Basically I am looking to implement the following in x86_64 assembly as fast as possible. (Where foo
and bar
may be something like glibc's hand-written asm strcpy or strcmp, and we want to start out with wide vectors but without the safety and/or performance downsides of a page-split load when one isn't needed. Or of an AVX-512 masked store: fault suppression works for correctness but is slow if it has to actually suppress a fault in the destination.)
#define TYPE __m256i
int has_page_cross(void * ptr1, void * ptr2) {
uint64_t ptr1_u64 = (uint64_t)ptr1;
uint64_t ptr2_u64 = (uint64_t)ptr2;
ptr1_u64 &= 4095;
ptr2_u64 &= 4095;
if((ptr1_u64 + sizeof(TYPE)) > 4096
|| (ptr2_u64 + sizeof(TYPE)) > 4096) {
// There will be a page cross
return foo_handling_page_cross(ptr1, ptr2);
}
return bar_with_no_page_cross(ptr1, ptr2);
}
There are a lot of really efficient ways to do this for one pointer many of which are discussed in Is it safe to read past the end of a buffer within the same page on x86 and x64? but there does not seem to be a particularly efficient approach for two pointers that does not sacrifice accuracy.
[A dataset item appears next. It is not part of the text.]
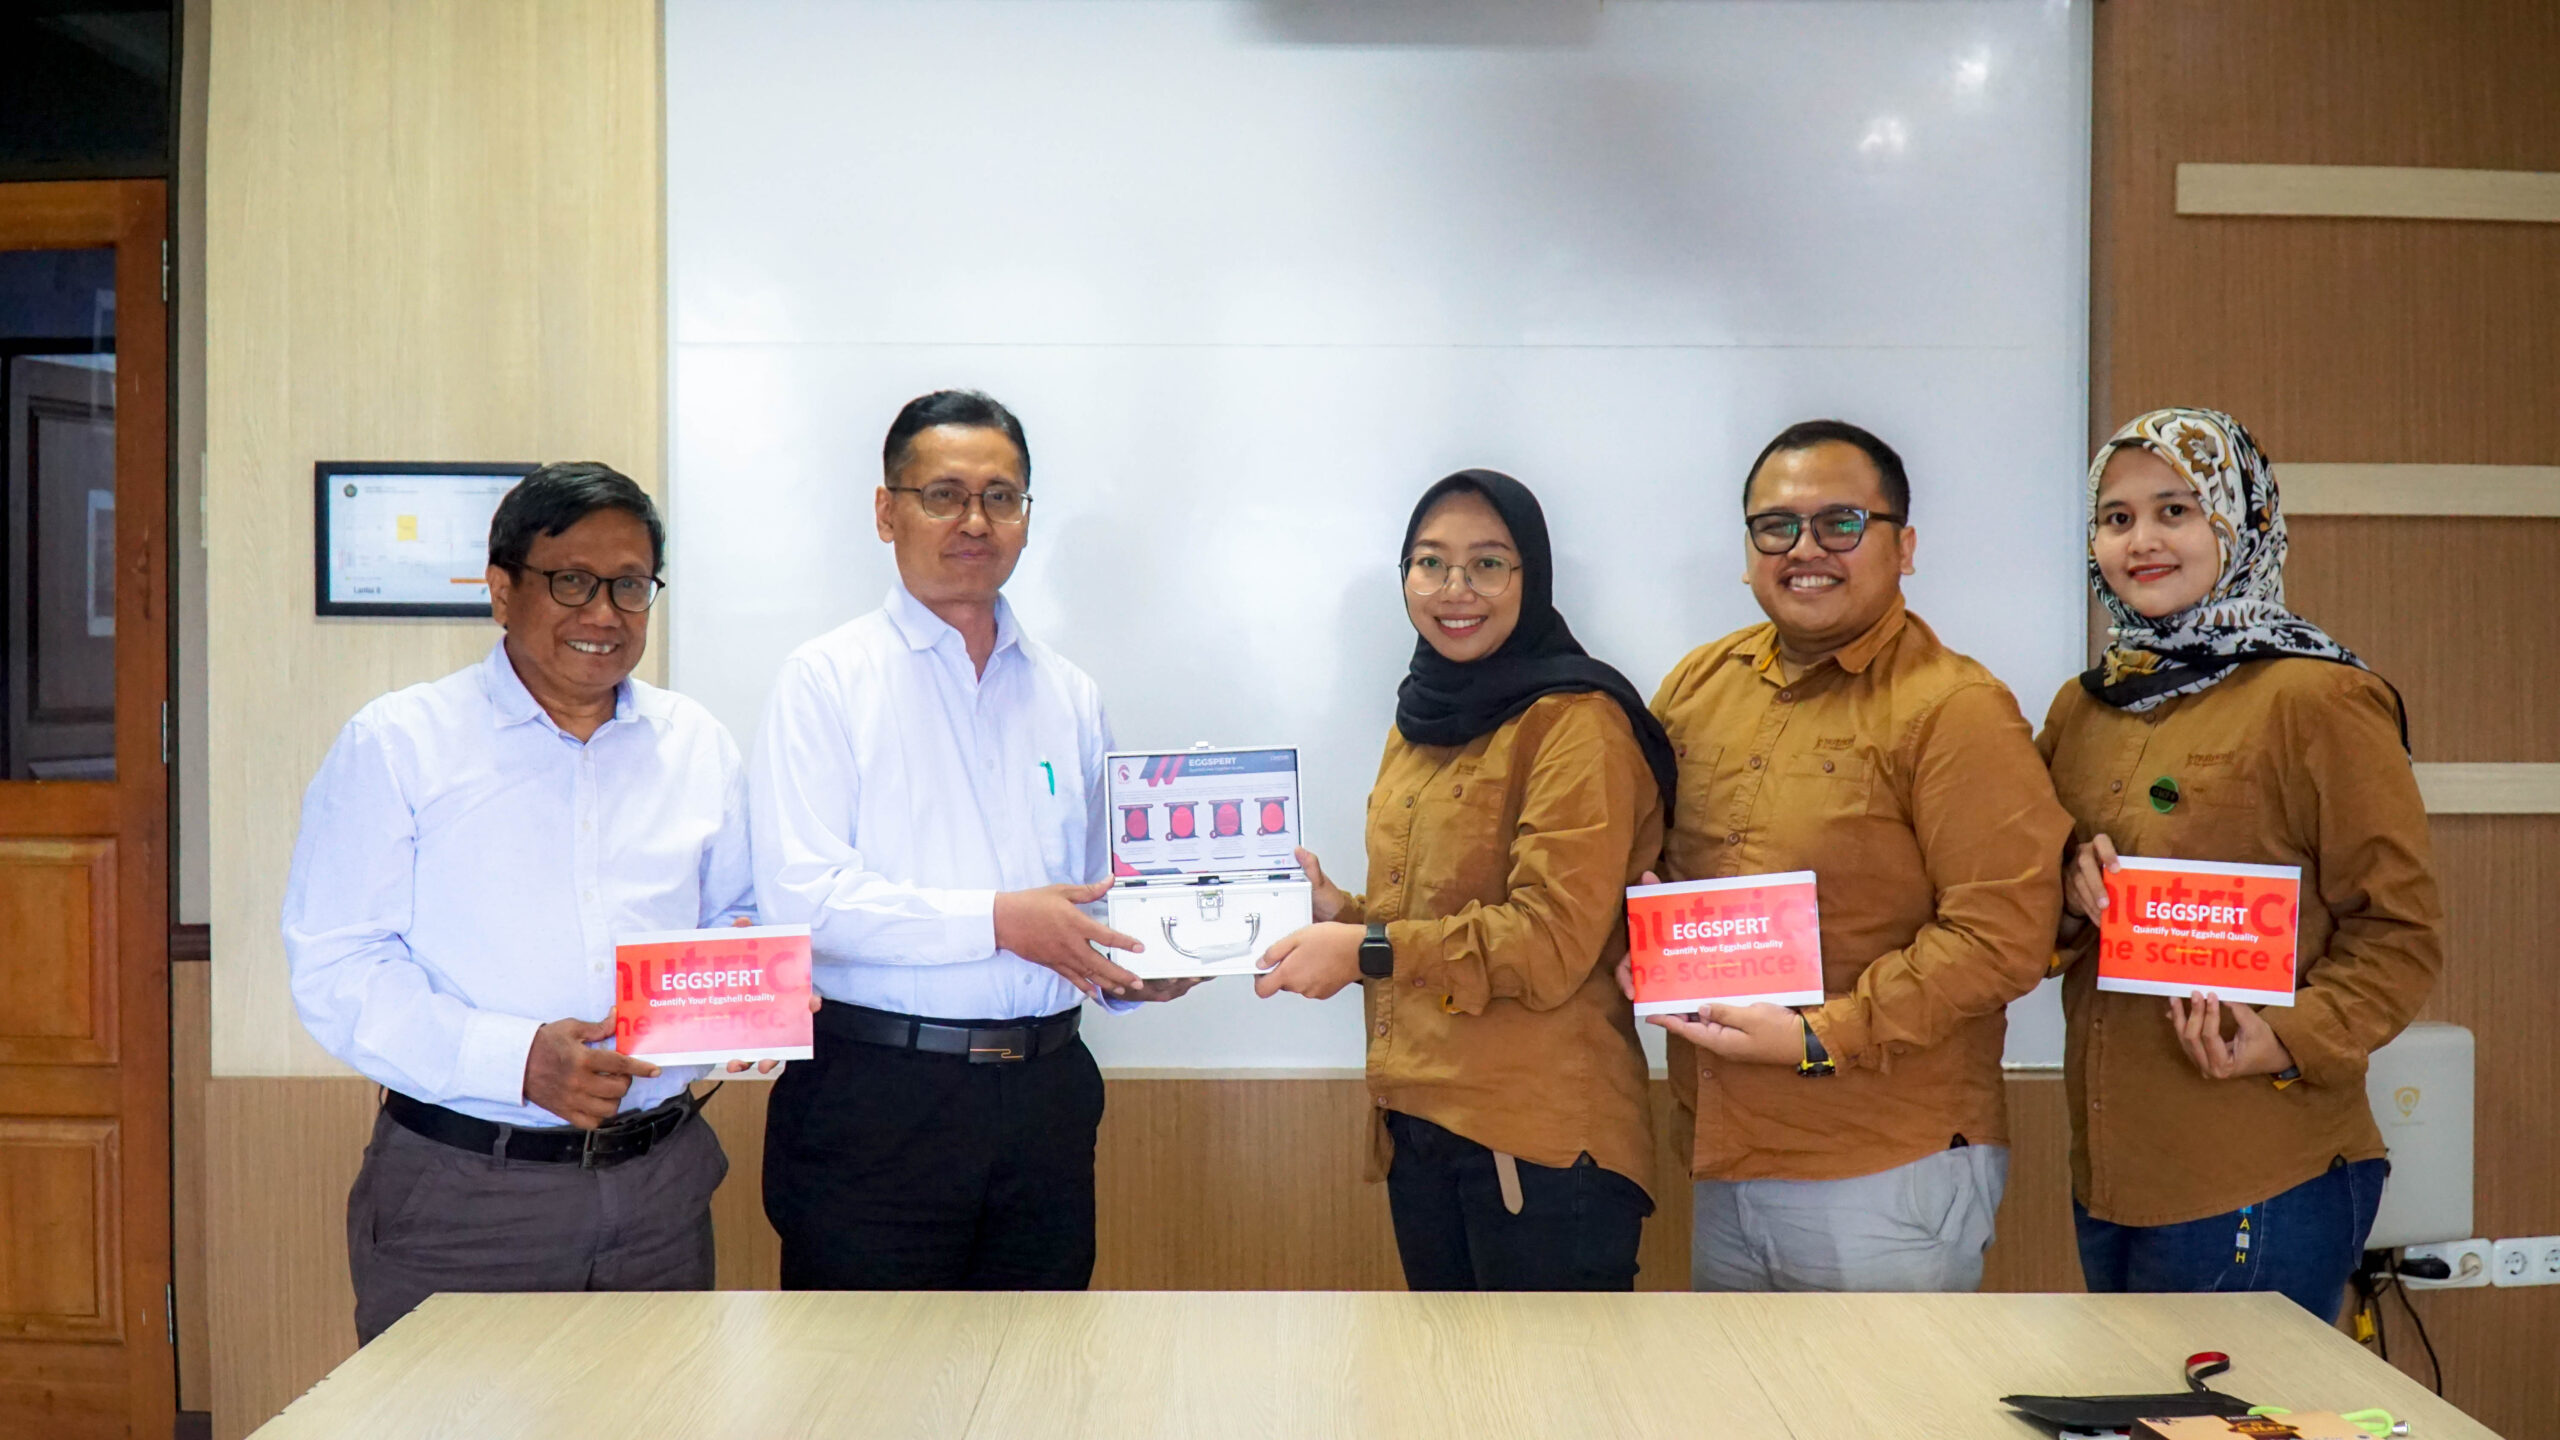 Grant of Innovative Laboratory Equipment “Eggspert Tool” by PT Nutricell Pacific to Faculty of Animal Science, University of Brawijaya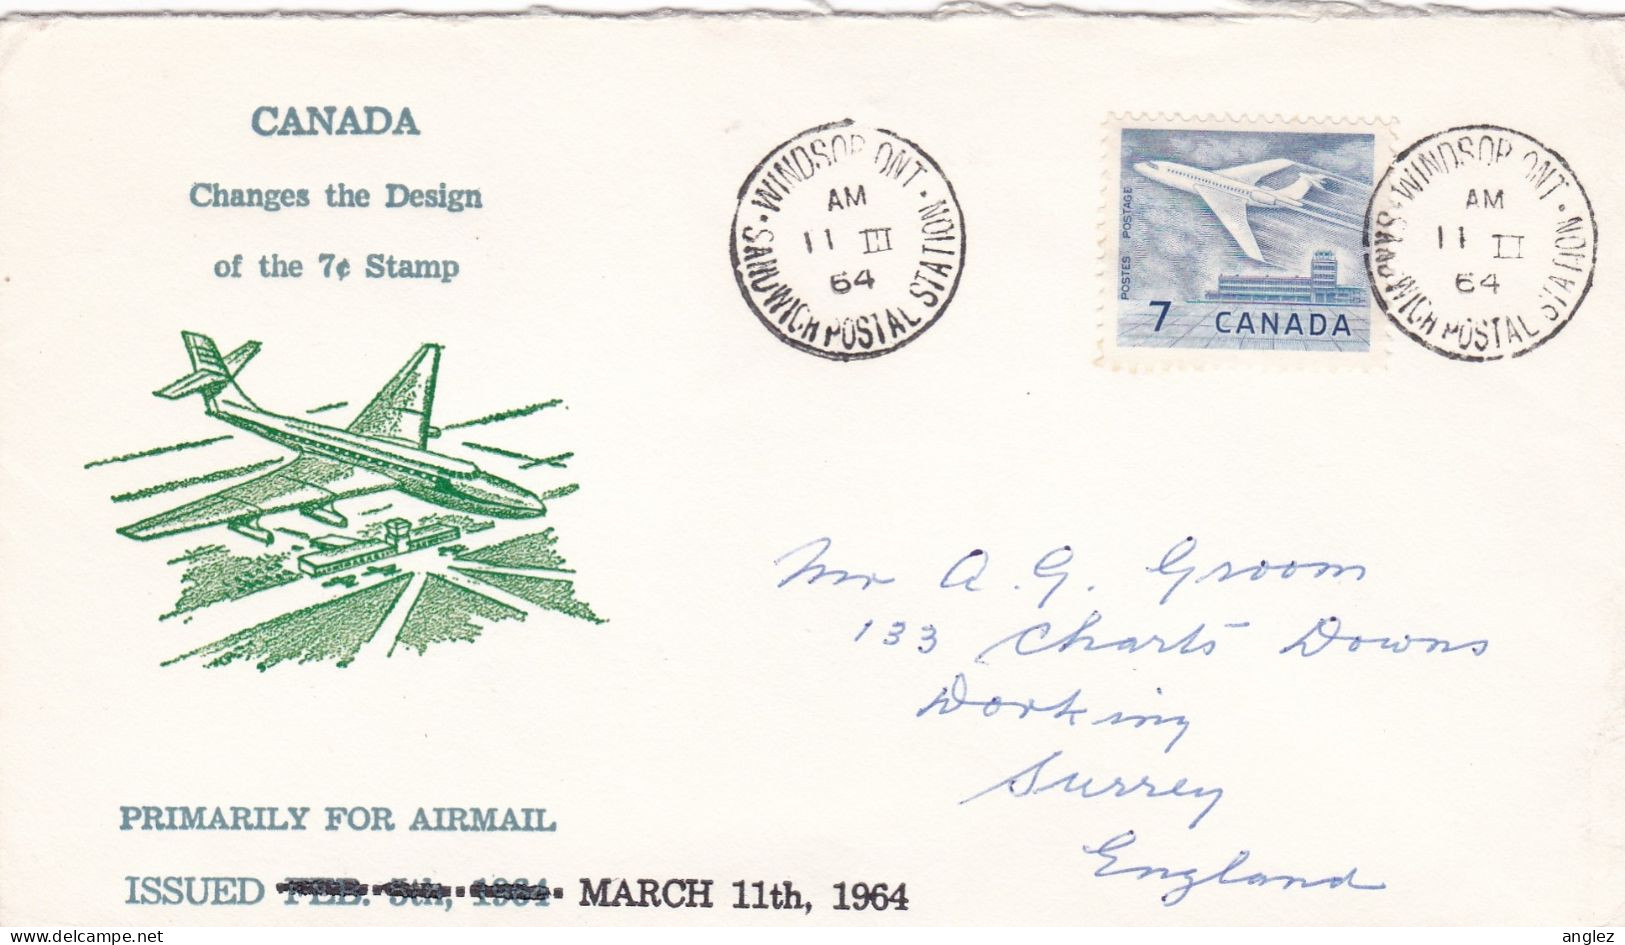 Canada - 1964 7c Airmail Stamp Changed Design Illustrated FDC - Charity Seal - Poste Aérienne

ApproachesFrom here on out assuming ptr1
is starting in rdi
and ptr2
is starting in rsi
. Load size will be represented by constant LSIZE
.
Fast with False Positives
// cycles, bytes
movl %edi, %eax // 0 , 2 # assuming mov-elimination
orl %esi, %eax // 0 , 5 # which Ice Lake disabled
andl $4095, %eax // 1 , 10
cmpl $(4096 - LSIZE), %eax // 2 , 15
ja L(page_cross)
/* less bytes
movl %edi, %eax // 0 , 2
orl %esi, %eax // 1 , 5
sall $20, %eax // 2 , 8
cmpl $(4096 - LSIZE) << 20, %eax // 3 , 13
ja L(page_cross)
*/
- Latency : 3c
- Throughput: ~1.08c Measured (both versions).
- Bytes : 13b
This approach is nice because it is fast with 3c latency (assuming eliminated movl %edi, %eax
), has high throughput, and is pretty compact for the Front End.
The obvious drawback is that it will have false positive i.e rdi = 4000
, rsi = 95
. I think though that its performance should serve as the goal for a full correct solution.
Slower but Correct
This is the best I've been able to come up with
// cycles, bytes
leal (LSIZE - 1)(%rdi), %eax // 0 , 4
leal (LSIZE - 1)(%rsi), %edx // 0 , 8
xorl %edi, %eax // 1 , 11
xorl %esi, %edx // 1 , 14
orl %edx, %eax // 2 , 17
testl $4096, %eax // 3 , 22
jnz L(page_cross)
- Latency : 4c
- Throughput: ~1.75c Measured (Note on Icelake so higher tput
lea
than older CPUs) - Bytes : 21b
It has a 4c latency which isn't so bad, but its throughput is worse, and it has a much larger code footprint.
Question
- Can either of these approaches be improved at all in terms of latency, throughput, or bytes? Generally I am most interested in latency > throughput > bytes?
My general goal is to get the correct case as fast as the false positive.
Edit: Fixed bug in Correct version.
CPUs: Personally I am tuning for CPUs with AVX512 so Skylake Server, Icelake, and Tigerlake but this question is targetted at entire Sandybridge family.